The film, like many of von Trier’s agonised works, was inspired by the director’s own clinical depression. After learning in a therapy session that depressed people often react calmly to crises because they are primed to expect the worst, the Danish director amplified this idea to imagine how the end of the world would appear to someone who has already given up on life. Directially, Melancholia is one of von Trier’s finest movies, melding the slow-motion, free-fall beauty of cosmic destruction with the painful, raw intimacy of the everyday. In this world, beauty and the sublime are reserved exclusively for planetary annihilation. A lengthy opening sequence depicts some of the film’s most iconic shots as life reaches a triumphant, catastrophic crescendo.
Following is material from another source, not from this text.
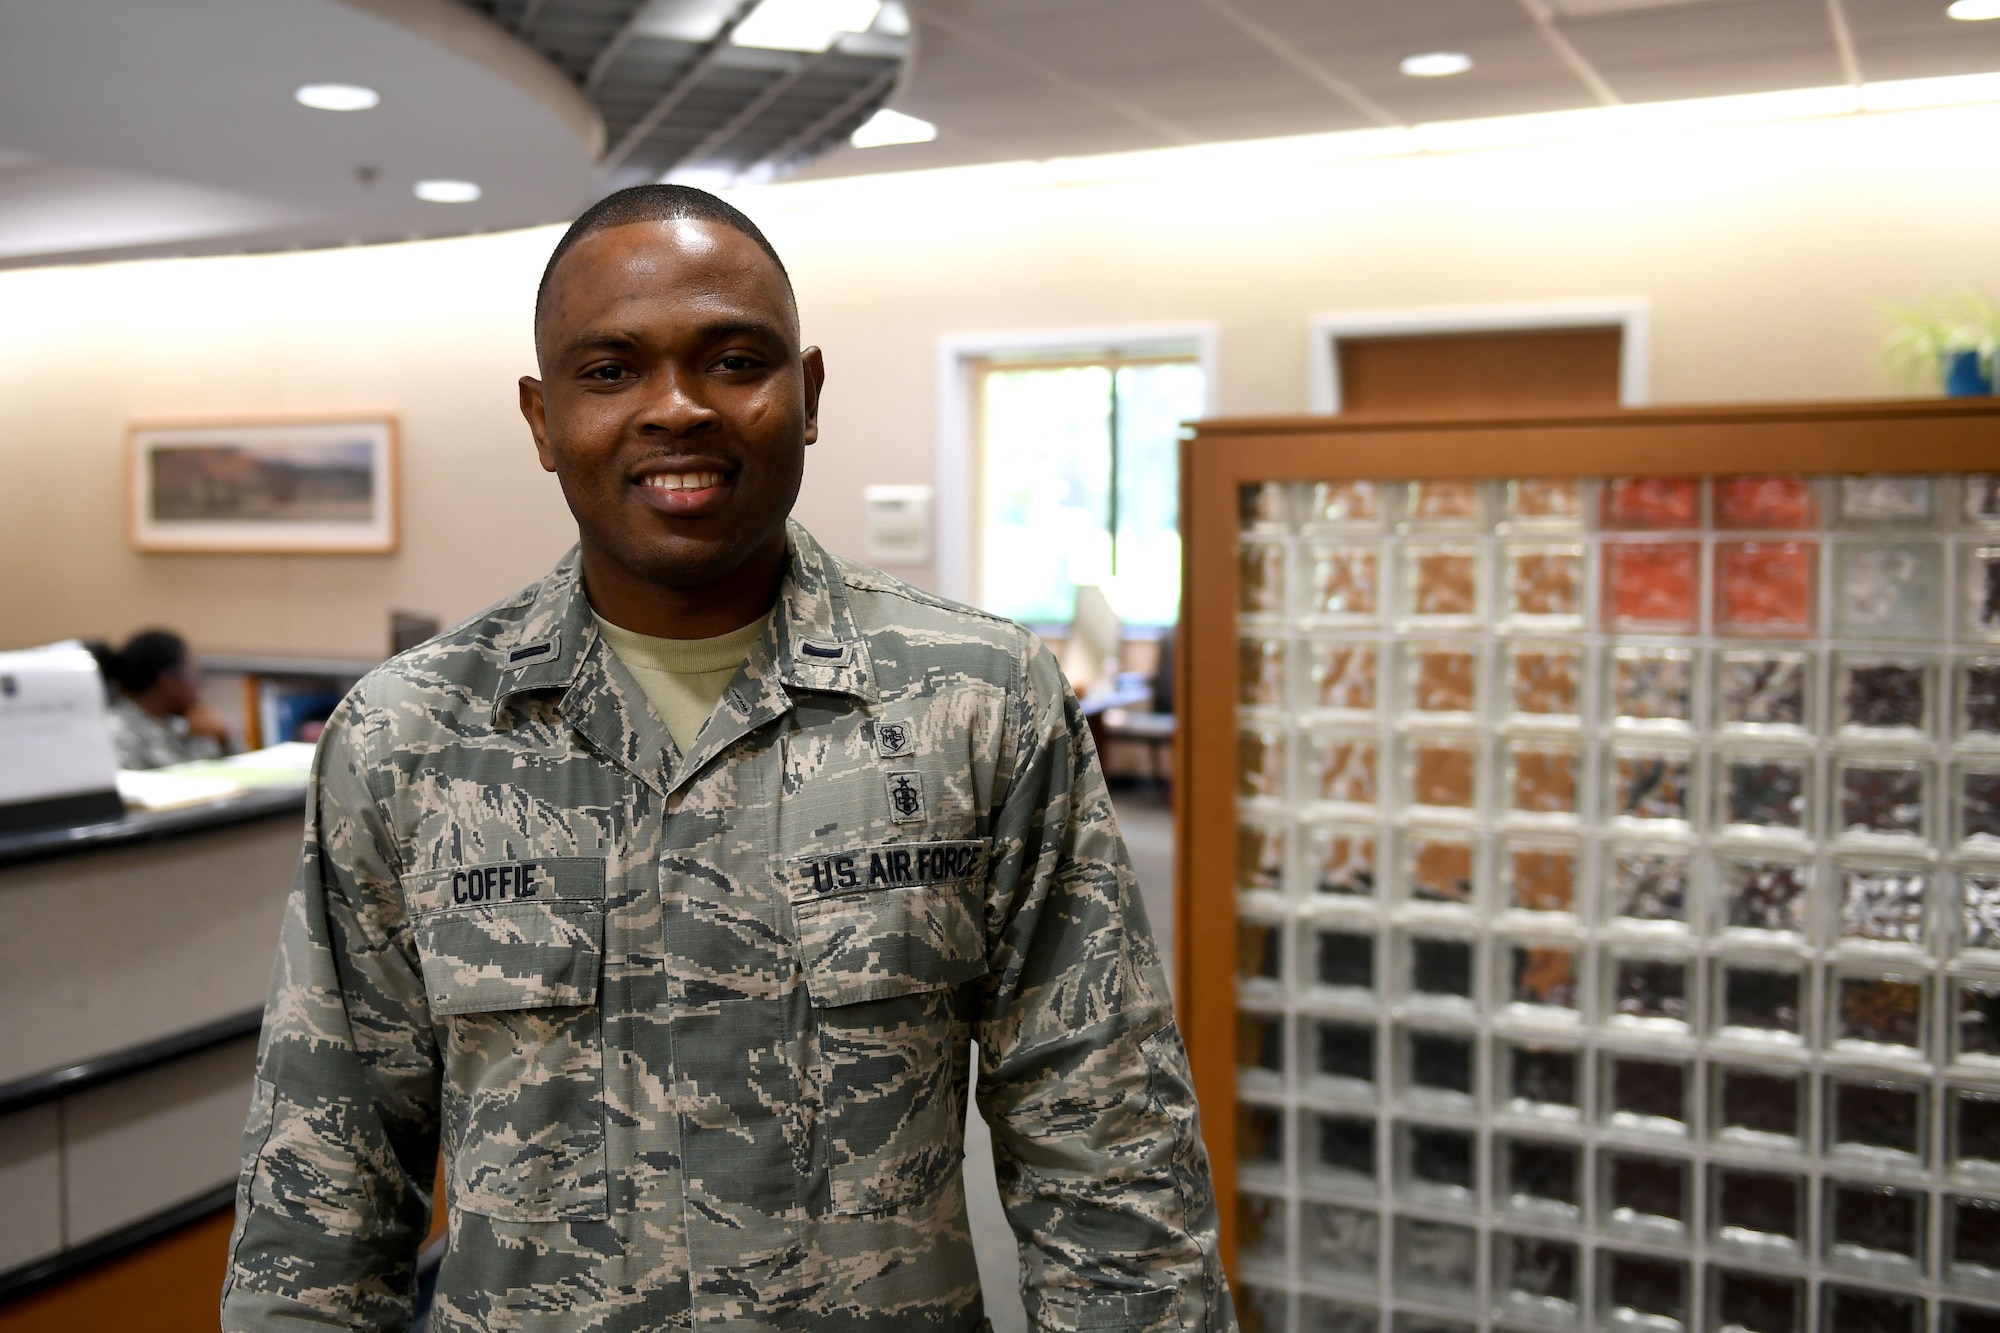 A man in the Airman Battle Uniform smiles at the camera.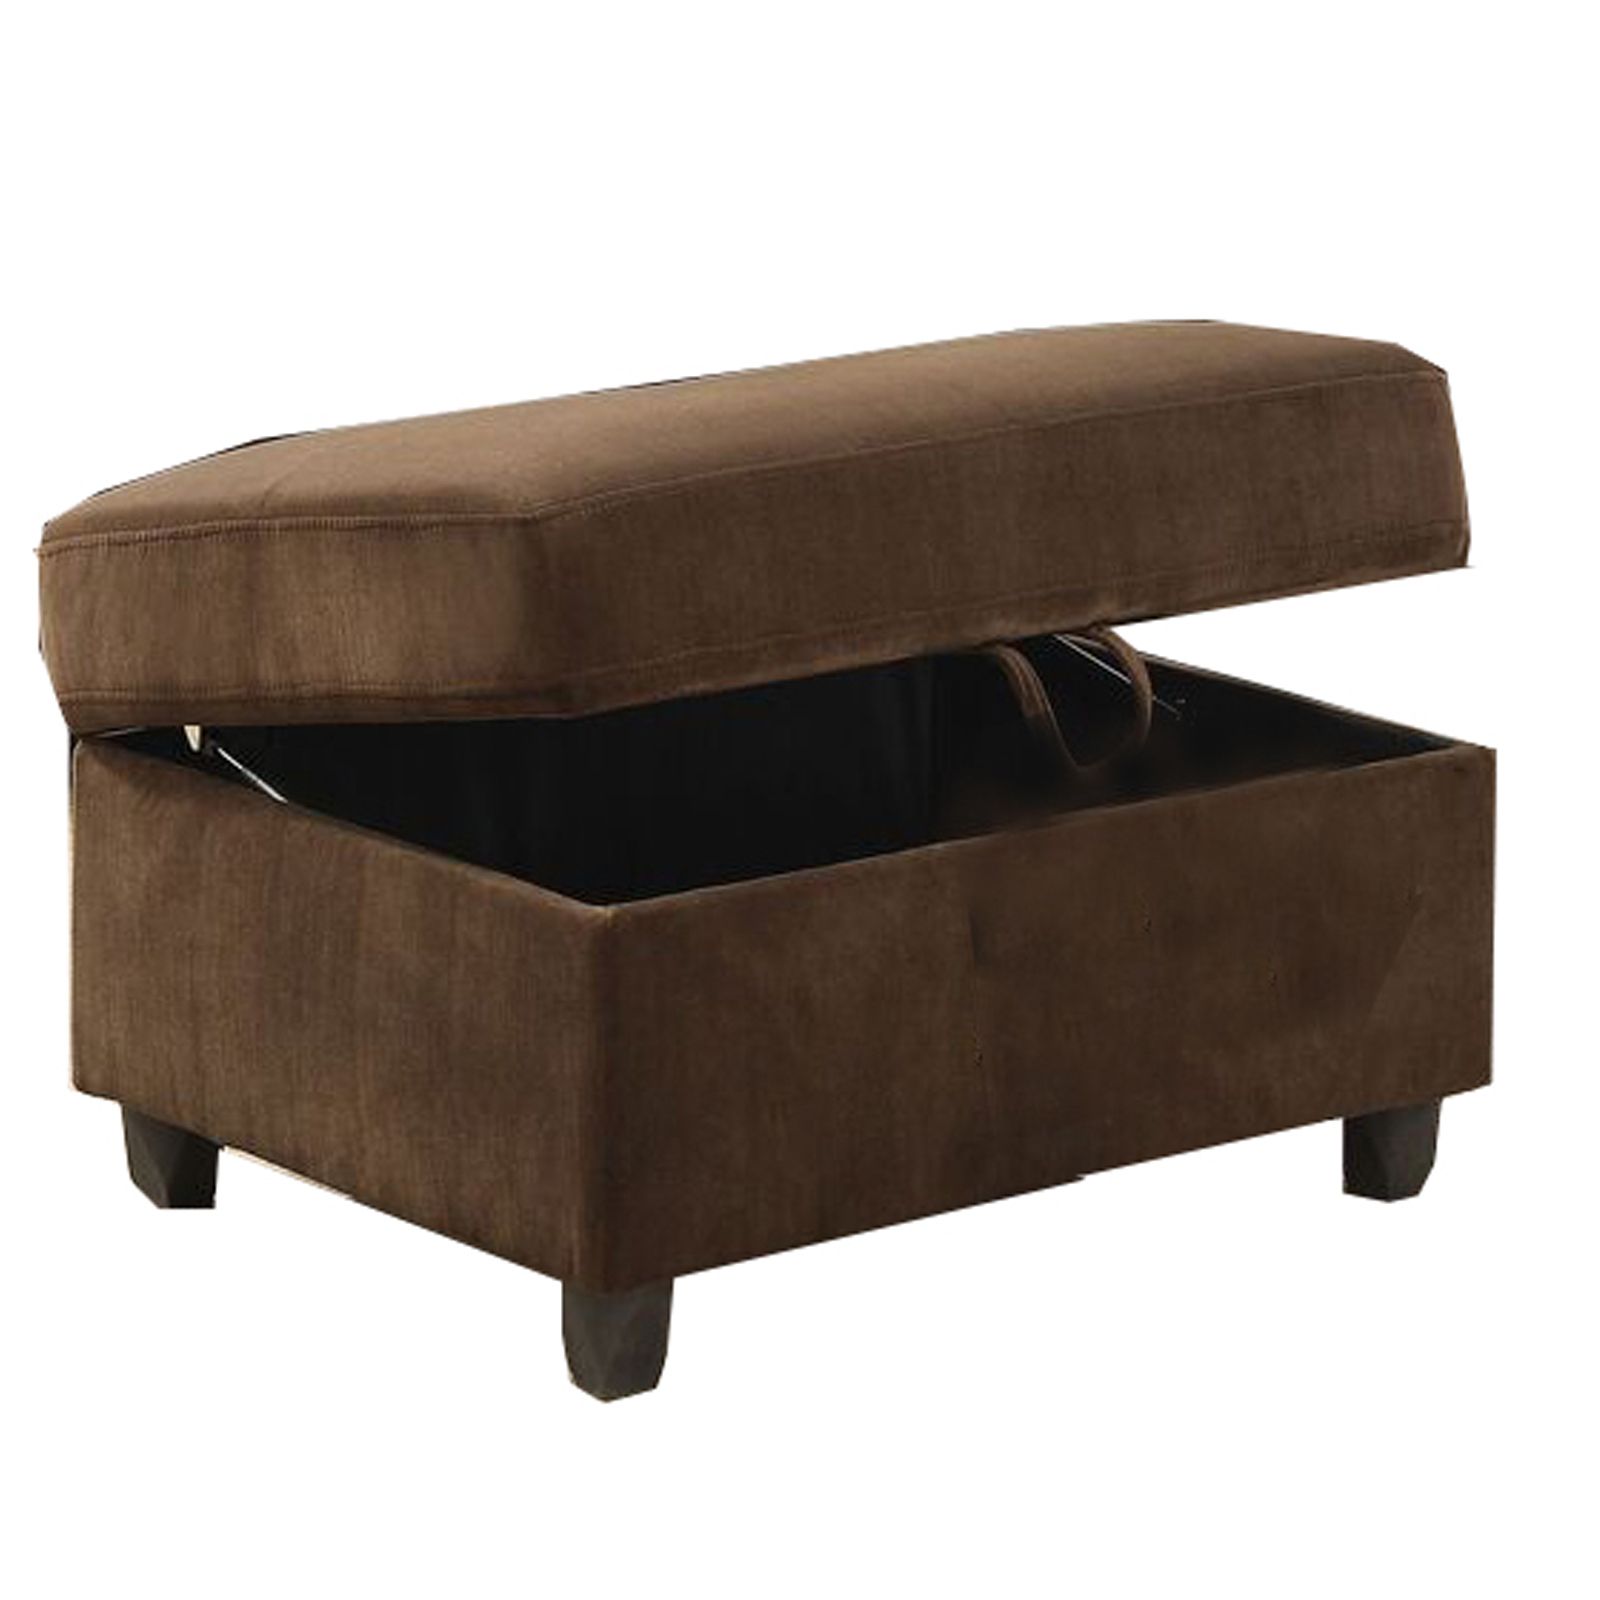 Fabric Upholstered Rectangular Ottoman With Hidden Storage, Brown Regarding Dark Blue Fabric Banded Ottomans (View 12 of 20)

This opening introduces a Justine doused in an ethereal glow, awash with calm. It is no coincidence that she drifts slowly down a river, her mood mapped onto the waters perforating the fabric of her wedding dress. Sailing along her own coffin ship, she calmly awaits an eternal slumber—a dark inversion of a dazzling Sleeping Beauty, appearing as though she has spent her whole life waiting to wake up. For this weary, depressed soul, eternal sleep is more peaceful than words can convey. Floating down a river as the planet faces imminent destruction is nothing compared to the ice-cold brutality of being shepherded into baths or out of her bedroom by strait-laced, condescending figures who insist she will become herself again if she just adheres to ordinary social conventions.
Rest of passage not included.